# Talbot Express ignition problem



## patman (Jan 1, 2007)

Evening all
My 2.5 diesel engined Talbot Express wouldn't start for me today when I was miles from home. I got a local mechanic to have a look and he managed to get me going. When I switched the ignition on the injector heater light didn't come on. She would turn over but not start. The mechanic said that the fuel pump solenoid was not getting any power and used a wire from the battery to the solenoid to activate it. This got me most of the way home before it just died on me. I rigged a wire from the battery to the solenoid and it started again. I've had this problem before and a mechanic changed the ignition switch and it seemed ok. The problem reoccured again a couple of months later but fixed itself after a few minutes.
On another post Cyclic had a similar problem and he thought it was the main engine power relay.
When I connected a wire from the battery to the fuel pump solenoid I heard a click from a blue box on the left hand side of the engine compartment.
Do you think it's the ignition switch or the relay or even something else?
Regards Patman


----------



## Steptoe (Nov 8, 2005)

Hi Patman,

I recently had an annoying electrical fault on my 2.5TDI which caused a momentary cutting out of the engine due to no power to the fuel solenoid. 

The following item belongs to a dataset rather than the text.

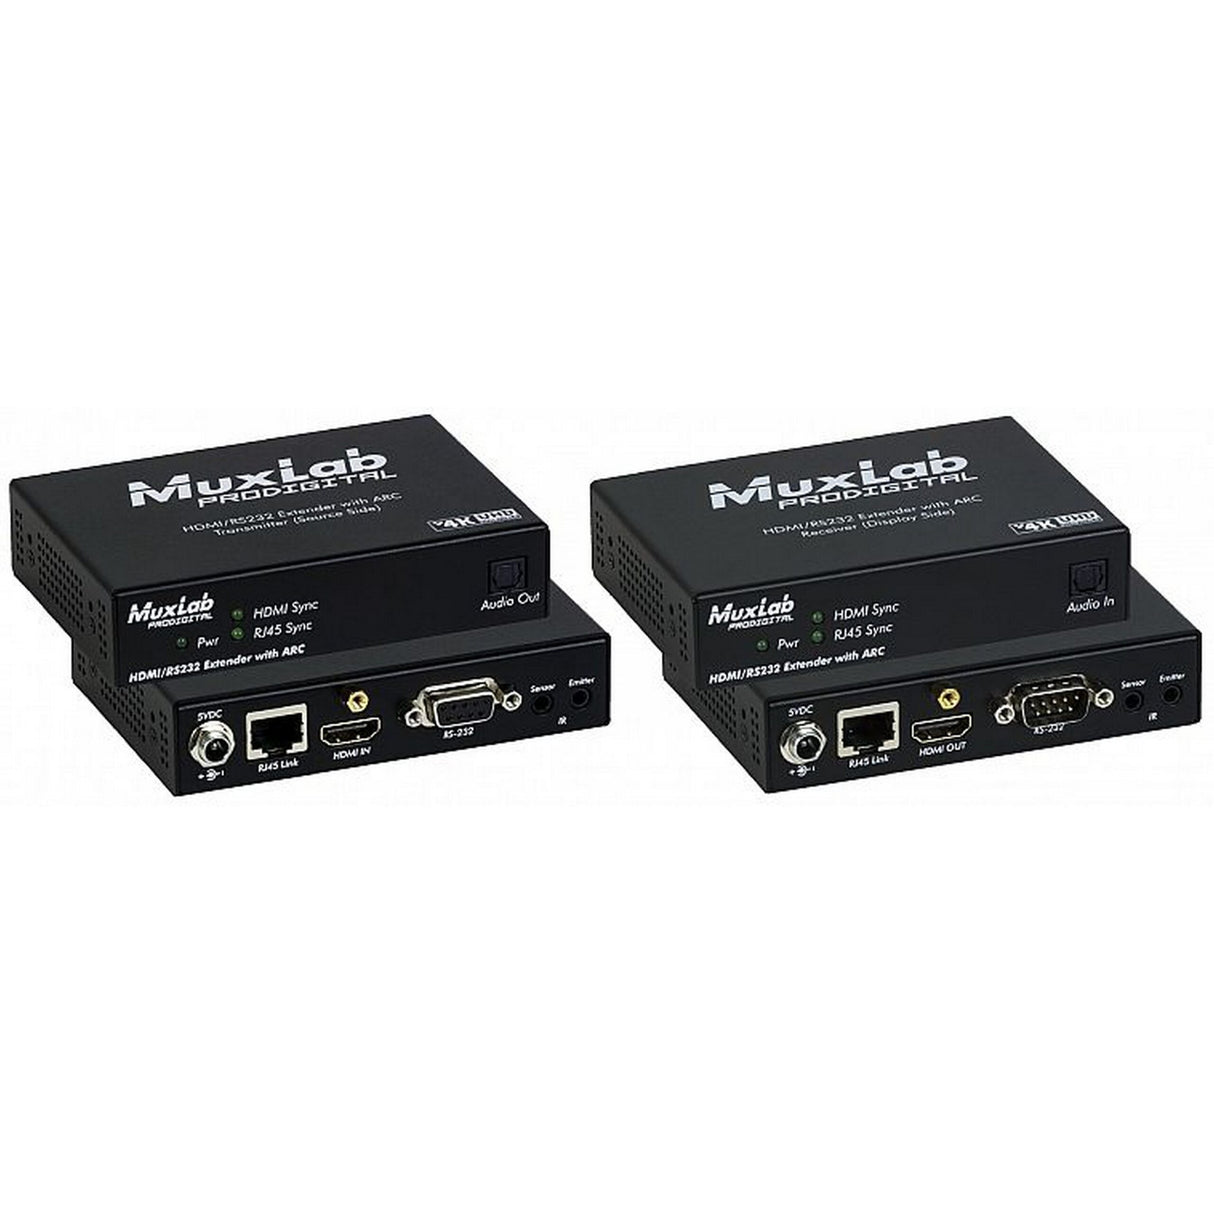 MuxLab 500458-ARC HDMI/RS232 Extender Kit with ARC, HDBT, UHD-4K
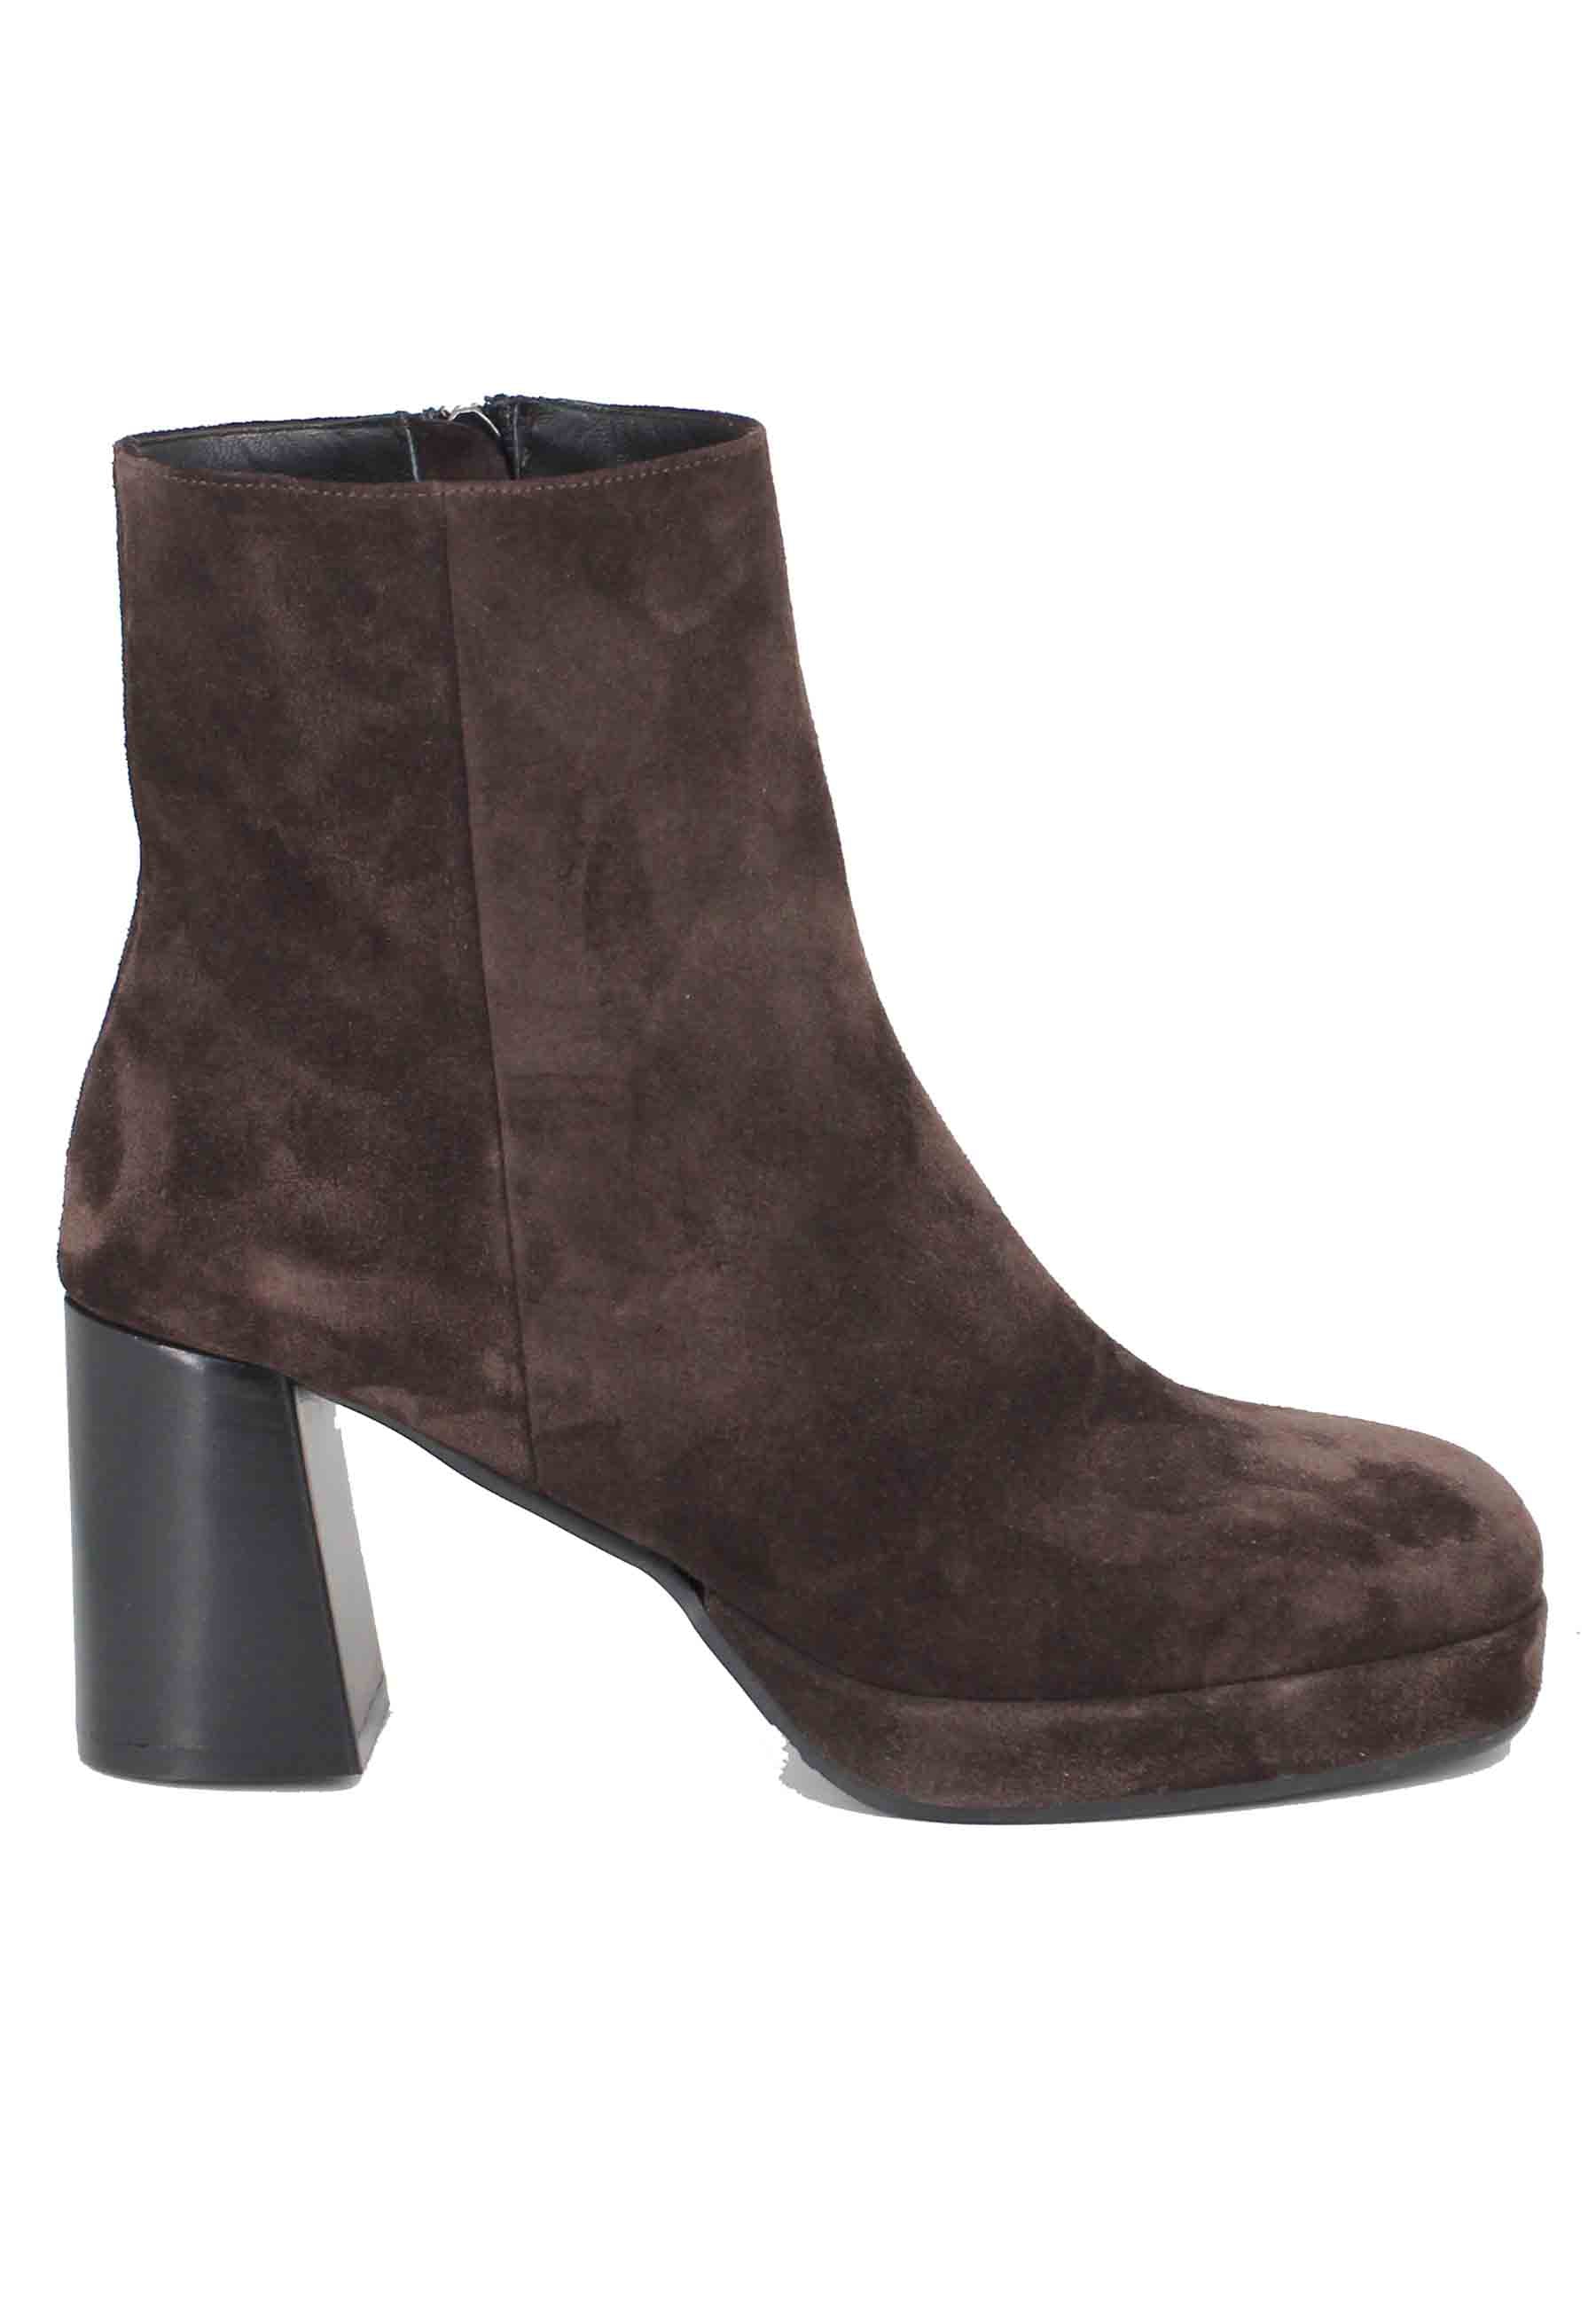 Women's high heel dark brown suede ankle boots

I thought at first it was the ignition switch (luckily the Fiat dealer didn't have one in stock, so didn't waste money) however after some trials and tribulations, well documented on the forum, I eventually found a faulty connector in the main feed from battery to ignition switch. On my van, a '98 Ducato, this connector block is under dashboard, drivers side, resting on wheelarch, the cable is a thick red one.

One check you could make is to get under the dashboard the next time you have the fault and wriggle a few wires to see if you can clear it. This will indicate if there is a faulty connection.


----------



## patman (Jan 1, 2007)

Many thanks for that. The engine will not start at all now unless I run a wire from battery to fuel solenoid. It seems like a broken connection or failed component. The charging light comes on and the handbrake light but the pre heater light doesn't. It will crank but won't start and the lights don't work. 
Regards Patman


----------



## loddy (Feb 12, 2007)

Is it fitted with a faulty immobiliser

Loddy


----------



## patman (Jan 1, 2007)

Evening all
You're a top man Steptoe! I looked under the dash board and pulled and shook the wires about and lo and behold, one faulty wire connection on a four connector block. I pulled it out and used a fresh connector which cured the bugger. Happy days!
Many thanks to anyone who replied.
Patman

Ps. I found that a wire from the battery to the pump solenoid will get the pump working in an emergency.


----------